Mirth spilled through Jon’s eyes. “A businessman does not offer up such information for free, little bird. And if it is not what you come seeking, perhaps it is not what you wish to pay the price for. If not this, then why are you here?”
Alisha drummed her fingers on the table twice, then looked up. “I need to know where Frank Reichart is staying.”
“You would not like it if I told Frank Reichart where you were staying,” Jon said, mock-severely. “This is no lovers’ spat, hmm?” His eyes narrowed, smile becoming sly. “Ah, little bird, you seek to fly beyond your cage bars, I see it now. This is why I have the pleasure of your company, and not some other fortunate fellow. Mere money will not do in this case, Alisha.”
Alisha’s chin came up, as much in surprise at the use of her real name as in preparation for negotiations. “You’re right. I’m walking a thin line.” She glanced over her shoulder at her backpack, half guilty. It was well past an hour since she’d spoken to Greg, but she’d turned the phone off, making it impossible for him to reach her. Jon saw the glance and his smile grew ever more sly.
“I think perhaps you are off the line and searching for it again, little bird.”
“No.” Alisha slid down a few inches in her chair, then winced and straightened again. There was no part of her that didn’t ache, except the ones that actively hurt. “I know exactly where it is.”
“Out of reach?”
“No,” Alisha said again. “But let’s say I’m not stretching for it, either.”
Some of Jon’s smile faded away, leaving crinkles at the corners of his eyes that could have been joy or concern. “Things have changed since last we talked, I see.”
“They have.” Alisha shifted in her seat, aware the small movement betrayed discomfort. She was oddly unconcerned about that. What she knew of Jon tied him directly to Europe’s underworld, where he traded in information like it was cash. Sometimes it proved to be. He was a wealthy man, known for trafficking on both sides of the law, and willing to take money from either. That he survived playing the game was testimony to his skill.

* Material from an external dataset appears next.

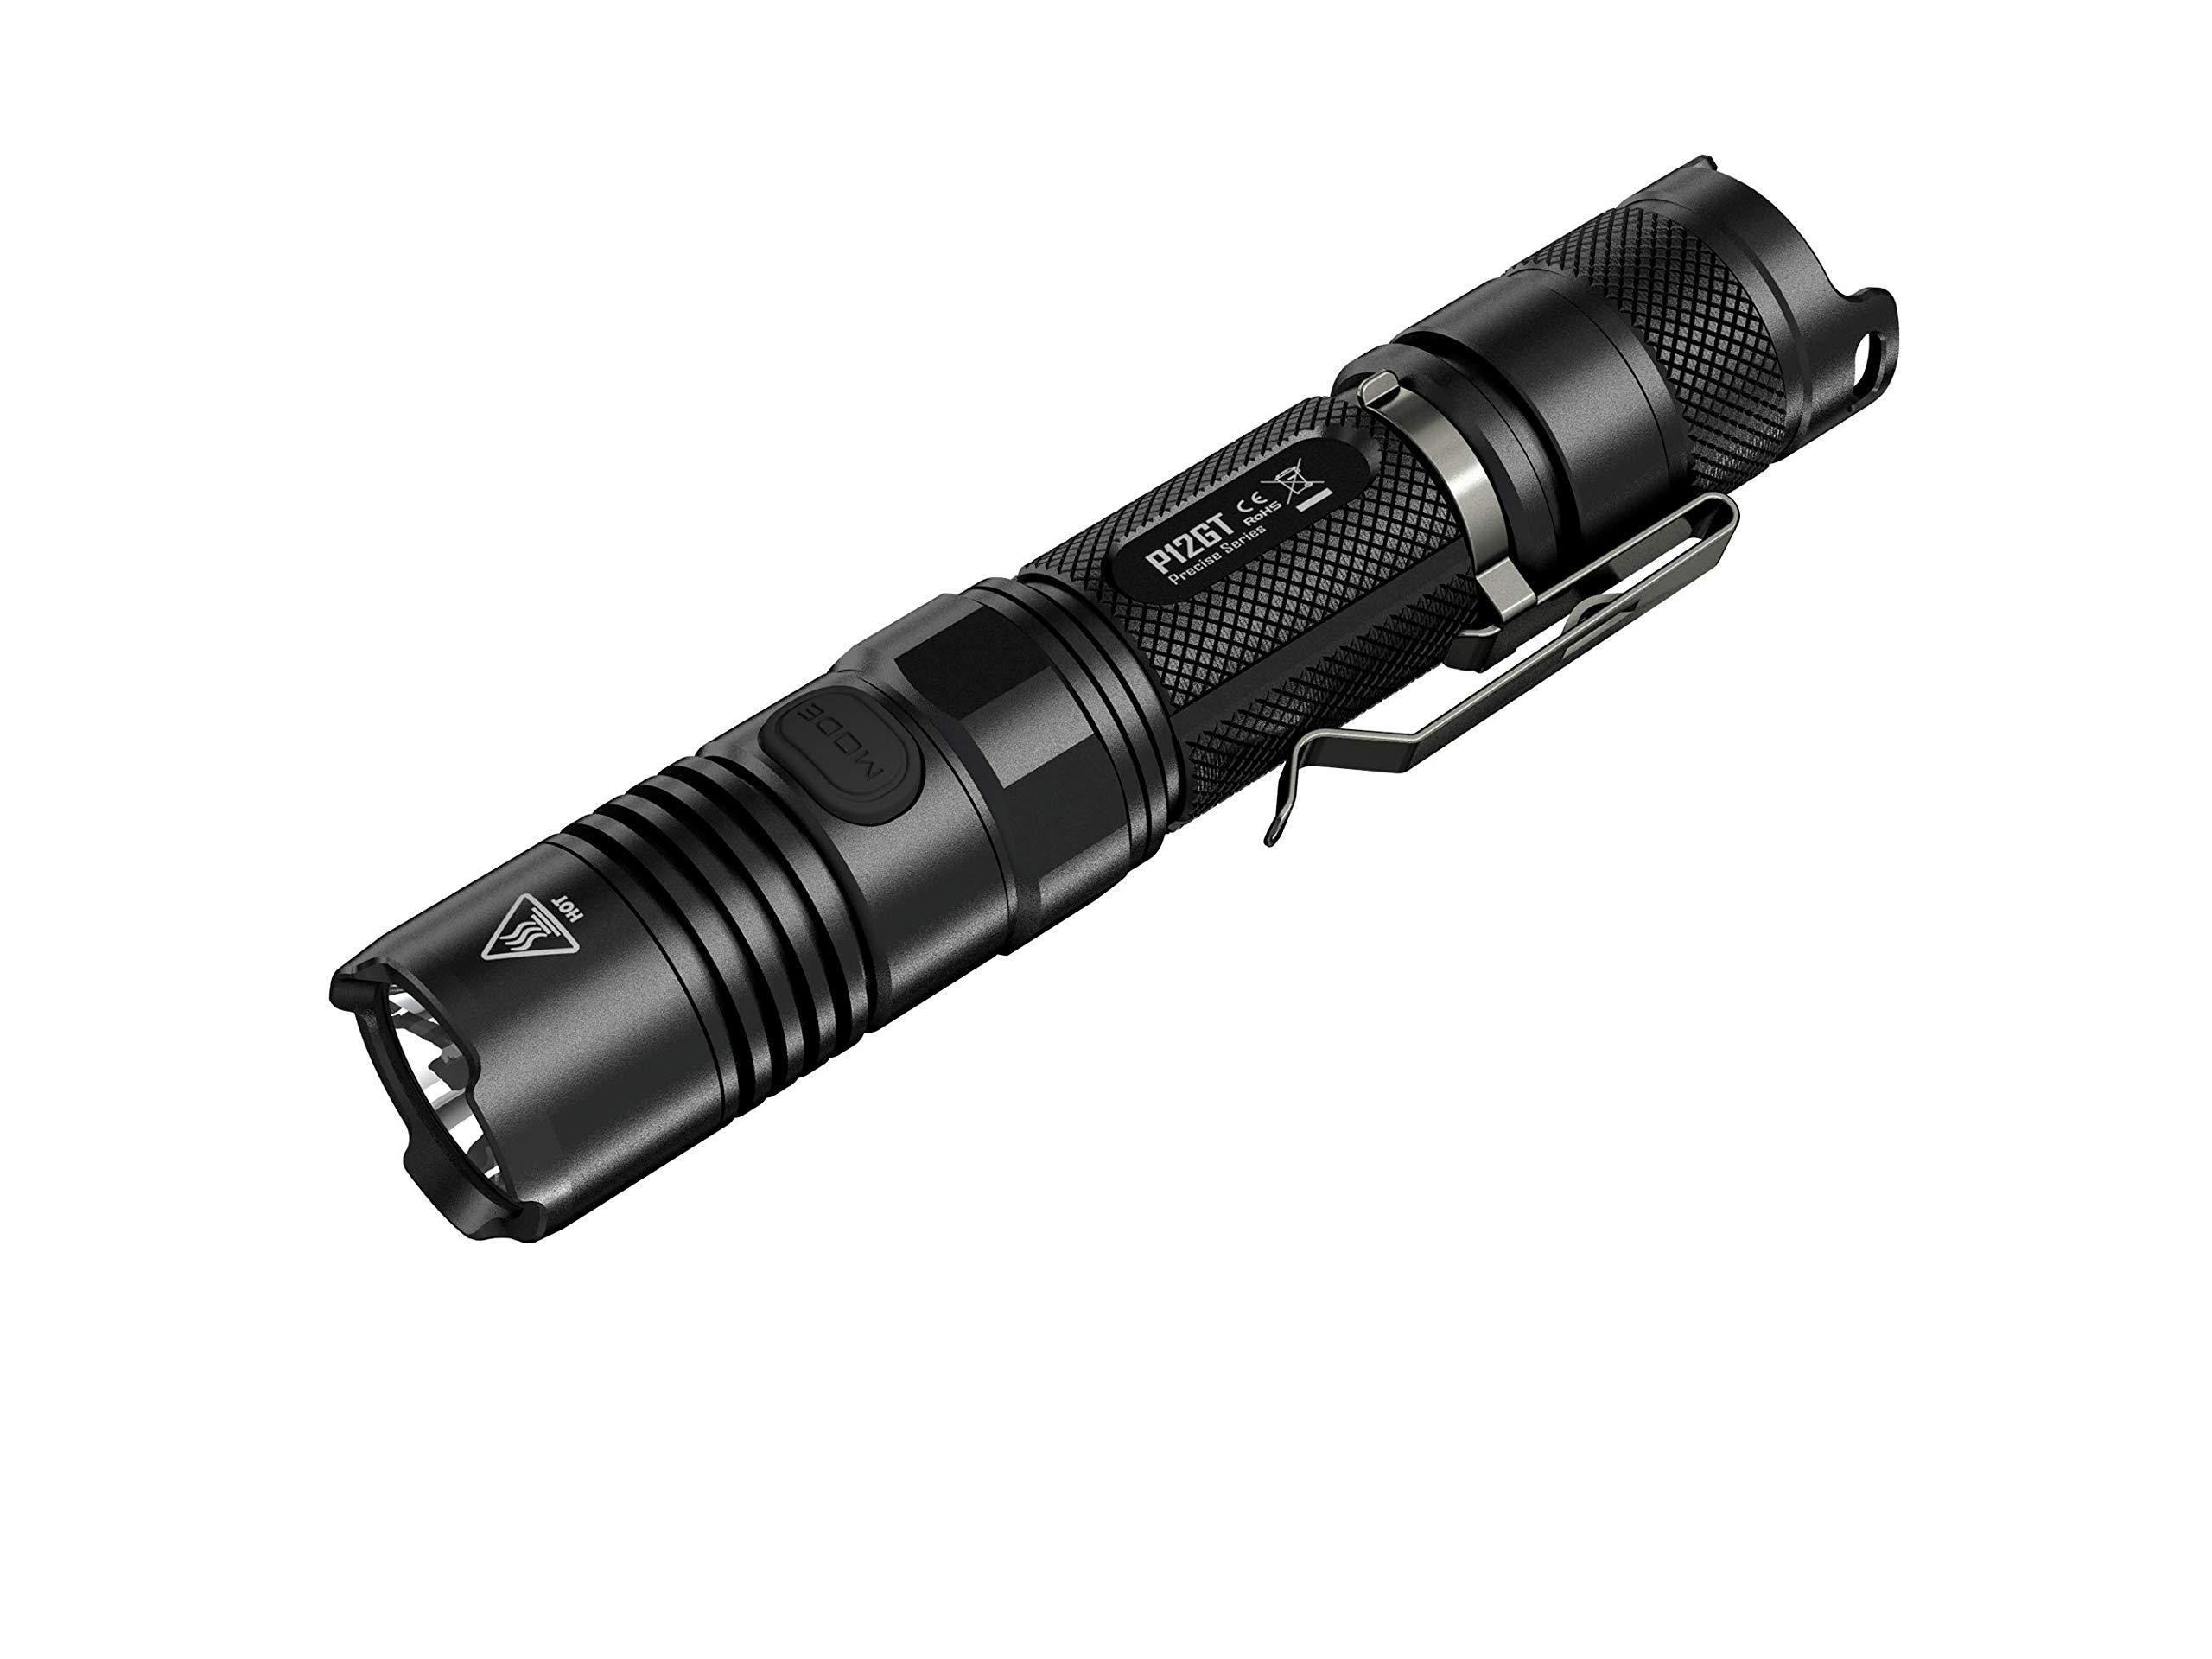 Linternas : Nitecore Precise P12GT 1000 lm Flashlight

And, no doubt, testimony to blackmail files on anyone who might conceivably damage him. But she trusted him enough to be fond of the nickname he’d given her, and to be unworried about showing small weaknesses in front of him. It was partly because he never lied about what he was or what he did. It was also that she had no doubt he could ferret out any secrets she wanted to keep hidden, anyway, and so playing her hand close to her chest seemed like a waste of energy around the enormous information broker.
“You will tell me how things have changed,” Jon said abruptly, breaking up her thoughts. She frowned at him and he waved a hand, graceful large movement. “Not now. I see that it weighs too heavily on you now to speak of it. But someday, little bird, I will ask and you will tell me. You will tell me everything. And for this, I will find your former lover for you. Do we have an agreement, little bird?”
“I’m in a hurry, Jon.”
He fluttered his fingers again, reminiscent of the little bird that he called her. “By noon, pushy child. Three hours and you will have your lover. If we have an agreement.”

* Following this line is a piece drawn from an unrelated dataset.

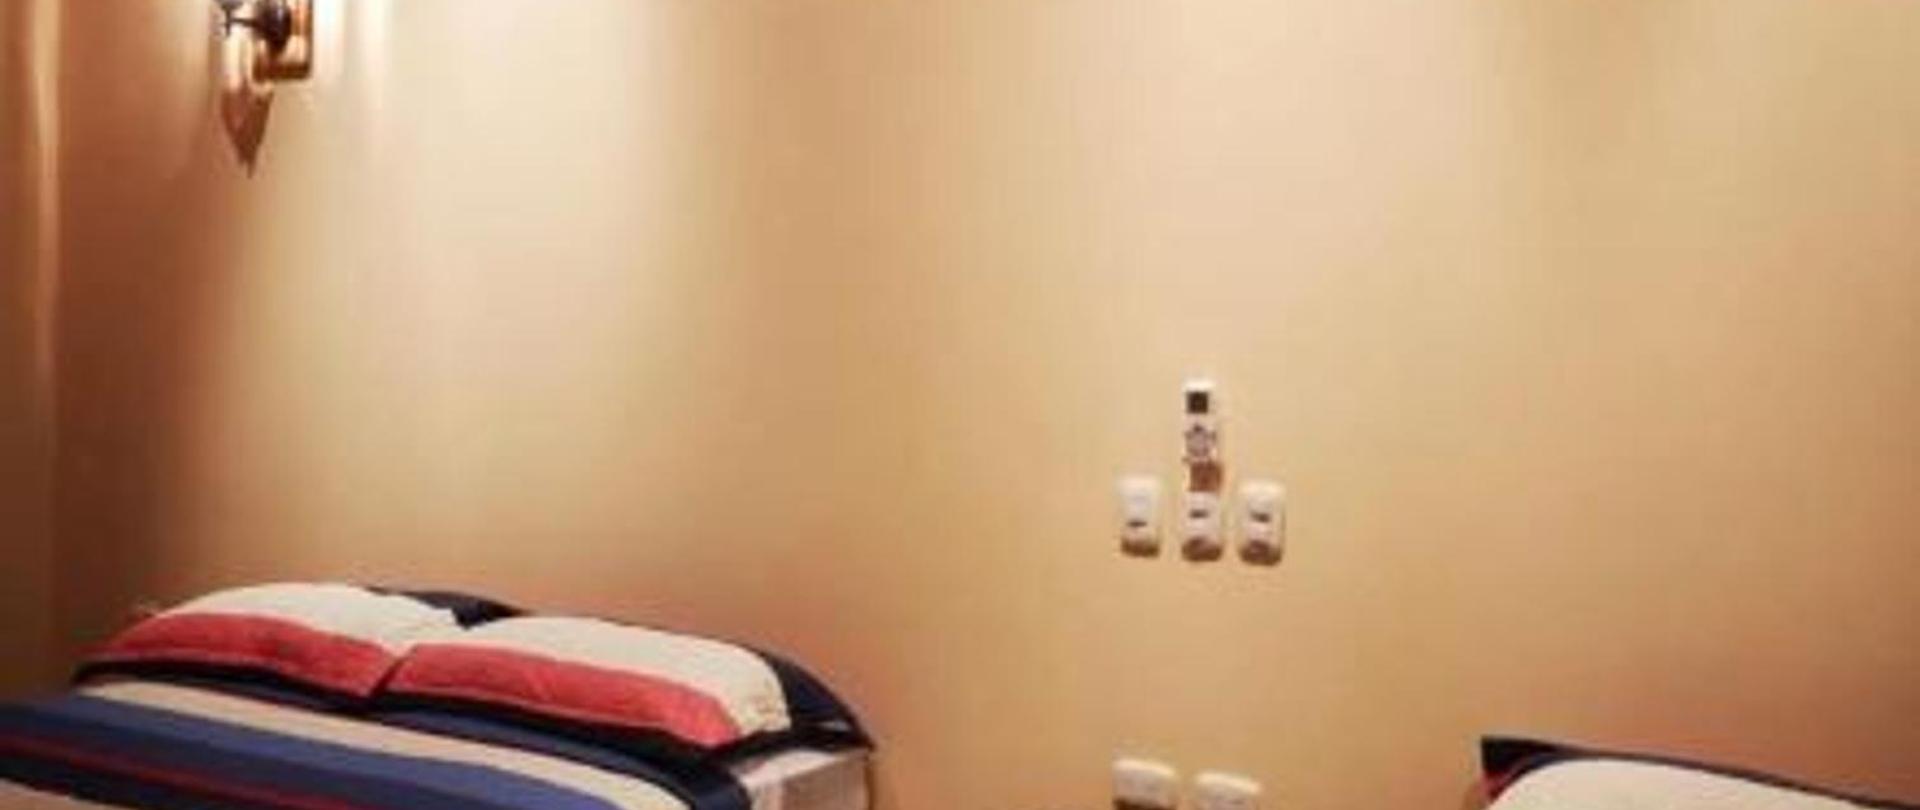 room 15-1.jpg

“Why do you want to know?” The question was purely curiosity. Jon tilted his head, almost a bow of reverence.
“Because, little bird, information is priceless.” The answer meant nothing, but from this man, it might also mean everything. Alisha held her breath a moment, then nodded her head in return.
“We have a deal.”
Alisha pulled the cell phone out of her hip pocket, flipping it open without turning it on again. The backpack Simone’s people had given her was abandoned in the café under the reluctant gaze of the owner, whose preference was to fail to see Jon and his business associates. A handful of euros had purchased new clothes when the shops opened, from a do-rag to tuck her hair beneath to cheap tennies that she could run in, which was all that mattered. The T-shirt was larger and more shapeless than she liked them, but it didn’t brush the slice on her stomach, which had begun to throb and itch. It took conscious effort not to scratch at it, and so the jeans she bought were low-cut enough to barely stay on her hips, which kept them from scraping at the lower end of the cut.
The clothes she’d been given were stuffed into the unlocked trunk of a rental car, one that Alisha hoped would drive out of the city. She hadn’t found a surveillance device anywhere in the clothing, but it wasn’t paranoia if they were really out to get you.
So long as the right hand didn’t know what the left was doing, she was in the clear. Turning the phone on, finding whatever message had been left, would compromise that freedom. Might compromise it, she corrected herself. Boyer might give her the go-ahead to continue the mission.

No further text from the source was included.